What to work on |
Give back exactly the lines that run from the beginning of the entries to the line containing "RockTape - Kinesiology", both included, and nothing else.

Saved entries |
· · · · · · ·
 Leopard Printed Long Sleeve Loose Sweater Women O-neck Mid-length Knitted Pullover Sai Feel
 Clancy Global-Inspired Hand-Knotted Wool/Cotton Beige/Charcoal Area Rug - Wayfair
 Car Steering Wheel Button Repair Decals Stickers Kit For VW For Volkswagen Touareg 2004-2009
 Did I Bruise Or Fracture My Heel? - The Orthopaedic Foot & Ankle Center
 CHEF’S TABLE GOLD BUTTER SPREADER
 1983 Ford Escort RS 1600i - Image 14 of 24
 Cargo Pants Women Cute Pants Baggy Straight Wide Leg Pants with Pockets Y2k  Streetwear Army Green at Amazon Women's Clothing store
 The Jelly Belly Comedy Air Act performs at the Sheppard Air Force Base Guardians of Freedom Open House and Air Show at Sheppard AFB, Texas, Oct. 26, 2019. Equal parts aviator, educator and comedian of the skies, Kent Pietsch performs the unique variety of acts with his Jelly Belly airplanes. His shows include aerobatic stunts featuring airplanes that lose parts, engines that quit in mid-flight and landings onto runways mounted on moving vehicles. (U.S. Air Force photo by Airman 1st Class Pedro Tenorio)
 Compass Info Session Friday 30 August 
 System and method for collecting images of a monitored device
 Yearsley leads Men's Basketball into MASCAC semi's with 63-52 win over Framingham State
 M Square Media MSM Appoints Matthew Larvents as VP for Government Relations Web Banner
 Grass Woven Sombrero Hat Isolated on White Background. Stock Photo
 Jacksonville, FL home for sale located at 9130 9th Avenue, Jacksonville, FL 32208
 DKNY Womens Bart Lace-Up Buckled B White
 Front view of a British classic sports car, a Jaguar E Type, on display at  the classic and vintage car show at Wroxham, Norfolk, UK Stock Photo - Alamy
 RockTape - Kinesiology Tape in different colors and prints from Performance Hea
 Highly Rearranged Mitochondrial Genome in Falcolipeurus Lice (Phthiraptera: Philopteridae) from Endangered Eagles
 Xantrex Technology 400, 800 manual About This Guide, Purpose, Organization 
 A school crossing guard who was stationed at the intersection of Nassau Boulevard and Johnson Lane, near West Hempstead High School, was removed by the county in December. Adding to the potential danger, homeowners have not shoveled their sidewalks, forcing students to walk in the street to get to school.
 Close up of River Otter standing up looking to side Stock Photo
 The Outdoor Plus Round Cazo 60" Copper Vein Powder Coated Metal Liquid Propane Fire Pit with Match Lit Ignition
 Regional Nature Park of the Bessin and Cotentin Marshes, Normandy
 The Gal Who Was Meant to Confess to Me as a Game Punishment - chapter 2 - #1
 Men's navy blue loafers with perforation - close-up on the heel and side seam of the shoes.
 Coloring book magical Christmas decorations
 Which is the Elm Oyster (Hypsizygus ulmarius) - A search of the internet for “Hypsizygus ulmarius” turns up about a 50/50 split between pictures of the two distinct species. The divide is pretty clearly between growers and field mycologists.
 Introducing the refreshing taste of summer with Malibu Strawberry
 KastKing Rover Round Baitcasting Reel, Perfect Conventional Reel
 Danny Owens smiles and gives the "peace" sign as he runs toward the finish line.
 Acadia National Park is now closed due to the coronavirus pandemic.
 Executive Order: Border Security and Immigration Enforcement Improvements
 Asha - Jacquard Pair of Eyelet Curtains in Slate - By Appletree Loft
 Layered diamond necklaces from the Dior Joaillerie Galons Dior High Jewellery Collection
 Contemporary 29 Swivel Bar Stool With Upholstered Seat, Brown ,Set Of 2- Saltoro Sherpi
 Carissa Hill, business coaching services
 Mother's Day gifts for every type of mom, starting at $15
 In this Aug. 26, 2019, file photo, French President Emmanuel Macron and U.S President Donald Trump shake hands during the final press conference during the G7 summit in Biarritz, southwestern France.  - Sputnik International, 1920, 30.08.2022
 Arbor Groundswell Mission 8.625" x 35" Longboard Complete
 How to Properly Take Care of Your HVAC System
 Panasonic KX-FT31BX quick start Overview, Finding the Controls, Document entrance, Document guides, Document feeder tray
· · · · · · ·
Expected answer |
 Leopard Printed Long Sleeve Loose Sweater Women O-neck Mid-length Knitted Pullover Sai Feel
 Clancy Global-Inspired Hand-Knotted Wool/Cotton Beige/Charcoal Area Rug - Wayfair
 Car Steering Wheel Button Repair Decals Stickers Kit For VW For Volkswagen Touareg 2004-2009
 Did I Bruise Or Fracture My Heel? - The Orthopaedic Foot & Ankle Center
 CHEF’S TABLE GOLD BUTTER SPREADER
 1983 Ford Escort RS 1600i - Image 14 of 24
 Cargo Pants Women Cute Pants Baggy Straight Wide Leg Pants with Pockets Y2k  Streetwear Army Green at Amazon Women's Clothing store
 The Jelly Belly Comedy Air Act performs at the Sheppard Air Force Base Guardians of Freedom Open House and Air Show at Sheppard AFB, Texas, Oct. 26, 2019. Equal parts aviator, educator and comedian of the skies, Kent Pietsch performs the unique variety of acts with his Jelly Belly airplanes. His shows include aerobatic stunts featuring airplanes that lose parts, engines that quit in mid-flight and landings onto runways mounted on moving vehicles. (U.S. Air Force photo by Airman 1st Class Pedro Tenorio)
 Compass Info Session Friday 30 August 
 System and method for collecting images of a monitored device
 Yearsley leads Men's Basketball into MASCAC semi's with 63-52 win over Framingham State
 M Square Media MSM Appoints Matthew Larvents as VP for Government Relations Web Banner
 Grass Woven Sombrero Hat Isolated on White Background. Stock Photo
 Jacksonville, FL home for sale located at 9130 9th Avenue, Jacksonville, FL 32208
 DKNY Womens Bart Lace-Up Buckled B White
 Front view of a British classic sports car, a Jaguar E Type, on display at  the classic and vintage car show at Wroxham, Norfolk, UK Stock Photo - Alamy
 RockTape - Kinesiology Tape in different colors and prints from Performance Hea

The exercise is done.